What does "return {}" statement mean in C++11?

Solution 1:

return {}; indicates "return an object of the function's return type initialized with an empty list-initializer". The exact behaviour depends on the returned object's type.

From cppreference.com (because the OP is tagged C++11, I excluded the rules in C++14 and C++17; refer to the link for further details):

  • If the braced-init-list is empty and T is a class type with a default constructor, value-initialization is performed.
  • Otherwise, if T is an aggregate type, aggregate initialization is performed.
  • Otherwise, if T is a specialization of std::initializer_list, the T object is direct-initialized or copy-initialized, depending on context, from the braced-init-list.
  • Otherwise, the constructors of T are considered, in two phases:

    • All constructors that take std::initializer_list as the only argument, or as the first argument if the remaining arguments have default values, are examined, and matched by overload resolution against a single argument of type std::initializer_list
    • If the previous stage does not produce a match, all constructors of T participate in overload resolution against the set of arguments that consists of the elements of the braced-init-list, with the restriction that only non-narrowing conversions are allowed. If this stage produces an explicit constructor as the best match for a copy-list-initialization, compilation fails (note, in simple copy-initialization, explicit constructors are not considered at all).
  • Otherwise (if T is not a class type), if the braced-init-list has only one element and either T isn't a reference type or is a reference type that is compatible with the type of the element, T is direct-initialized (in direct-list-initialization) or copy-initialized (in copy-list-initialization), except that narrowing conversions are not allowed.

  • Otherwise, if T is a reference type that isn't compatible with the type of the element. (this fails if the reference is a non-const lvalue reference)
  • Otherwise, if the braced-init-list has no elements, T is value-initialized.

Before C++11, for a function returning a std::string, you would have written:

std::string get_string() {
    return std::string();
}

Using the brace syntax in C++11, you don't need to repeat the type:

std::string get_string() {
    return {}; // an empty string is returned
}

return NULL and return nullptr should be used when the function returns a pointer type:

any_type* get_pointer() {
    return nullptr;
}

However, NULL is deprecated since C++11 because it is just an alias to an integer value (0), while nullptr is a real pointer type:

int get_int() {
    return NULL; // will compile, NULL is an integer
}

int get_int() {
    return nullptr; // error: nullptr is not an integer
}

Solution 2:

This is probably confusing:

int foo()
{
  return {};   // honestly, just return 0 - it's clearer
}

This is probably not:

SomeObjectWithADefaultConstructor foo()
{
  return {};
  // equivalent to return SomeObjectWithADefaultConstructor {};
}

Solution 3:

return {}; means that {} is the initializer for the return value.
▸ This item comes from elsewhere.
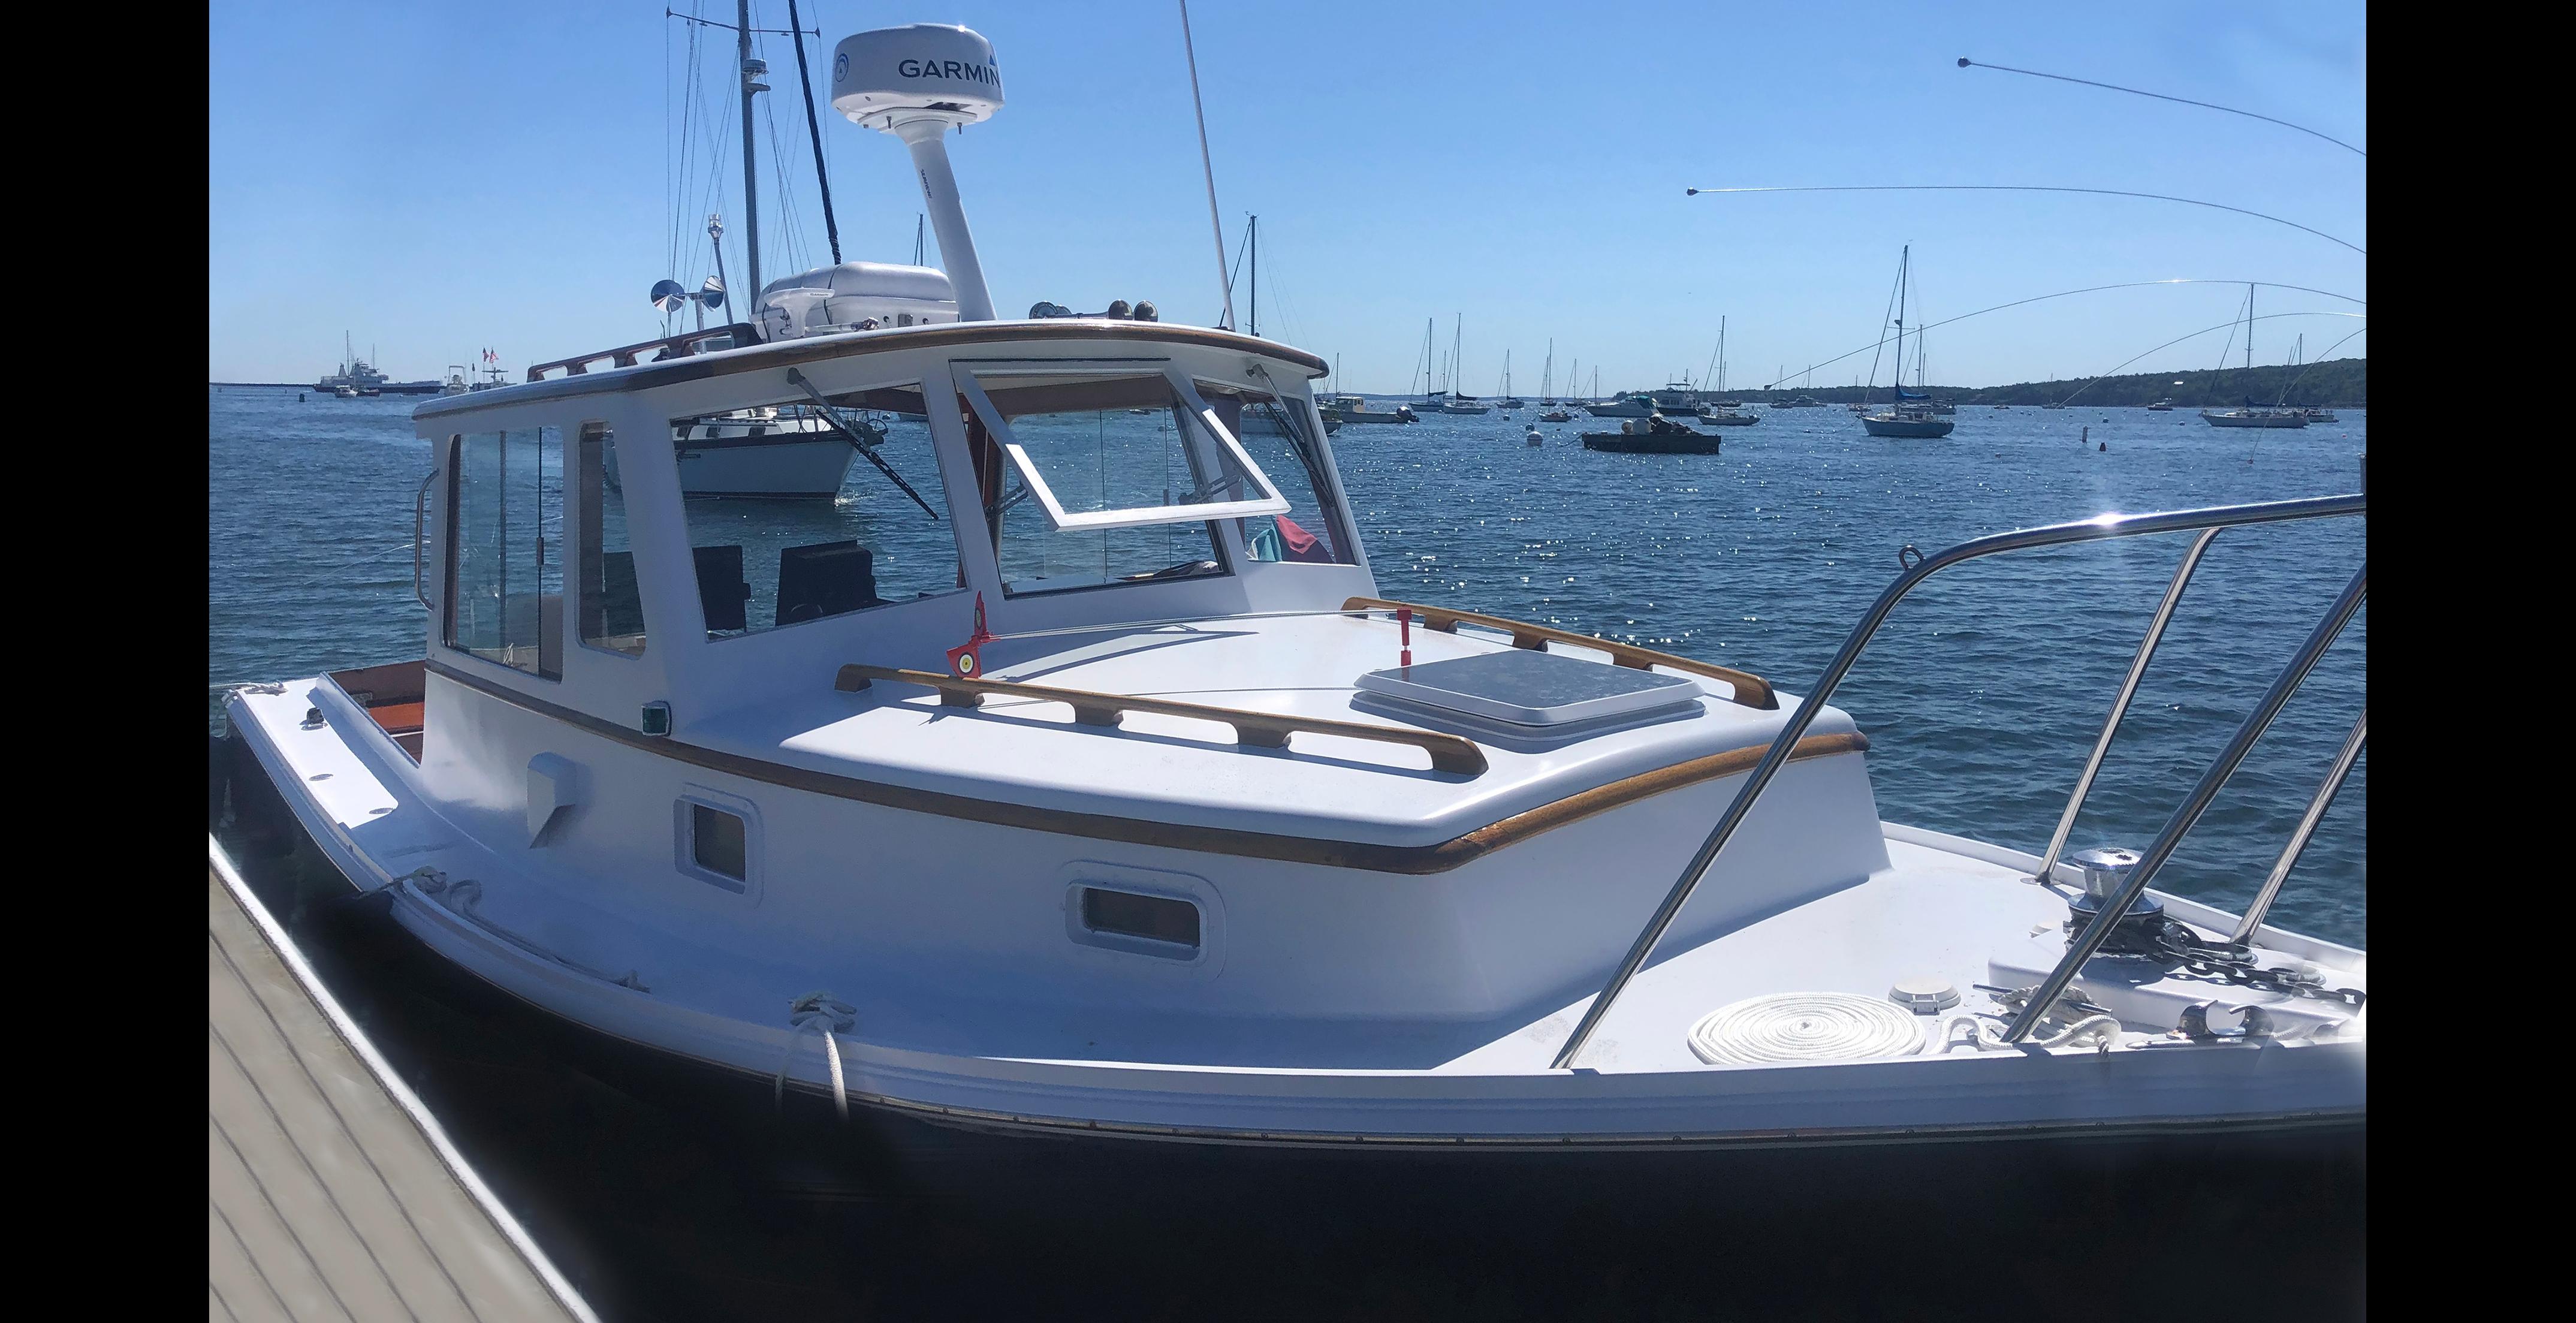 1993 John Williams Stanley 28 Downeast for sale - YachtWorld

The return value is list-initialized with an empty list.


Here is some background on the return value, based on [stmt.return] in the C++ Standard:

For a function that returns by value (i.e. the return type is not a reference and not void), there is a temporary object called the return value. This object is created by the return statement, and its initializers depend on what was in the return statement.

The return value survives until the end of the full-expression in the code that called the function; if it has class type, then its destructor will run unless it has lifetime extended by the caller binding a reference directly to it.
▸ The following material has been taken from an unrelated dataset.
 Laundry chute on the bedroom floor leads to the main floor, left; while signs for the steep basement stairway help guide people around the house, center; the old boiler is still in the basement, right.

The return value can be initialized in two different ways:

  • return some_expression; - the return value is copy-initialized from some_expression
  • return { possibly_empty_list }; - the return value is list-initialized from the list.

Assuming T is the function's return type, then note that return T{}; is different to return {}: in the former, a temporary T{} is created, and then the return value is copy-initialized from that temporary.

This will fail to compile if T has no accessible copy/move-constructor, but return {}; will succeed even if those constructors are not present. Accordingly, return T{}; may show side-effects of the copy-constructor etc., although this is a copy elision context so it may not.


Here's a brief recap of list-initialization in C++14 (N4140 [dcl.init.list]/3), where the initializer is an empty list:

  • If T is an aggregate, then each member is initialized from its brace-or-equal-initializer if it had one, otherwise as if by {} (so apply these steps recursively).
  • If T is a class type with a user-provided default constructor, that constructor is called.
  • If T is a class type with an implicitly-defined, or = defaulted default constructor, the object is zero-initialized and then the default constructor is called.
  • If T is a std::initializer_list, the return value is an empty such list.
  • Otherwise (i.e. T is a non-class type -- return types cannot be arrays), the return value is zero-initialized.

Solution 4:

It's a sort of short hand for a new instance of the methods return type.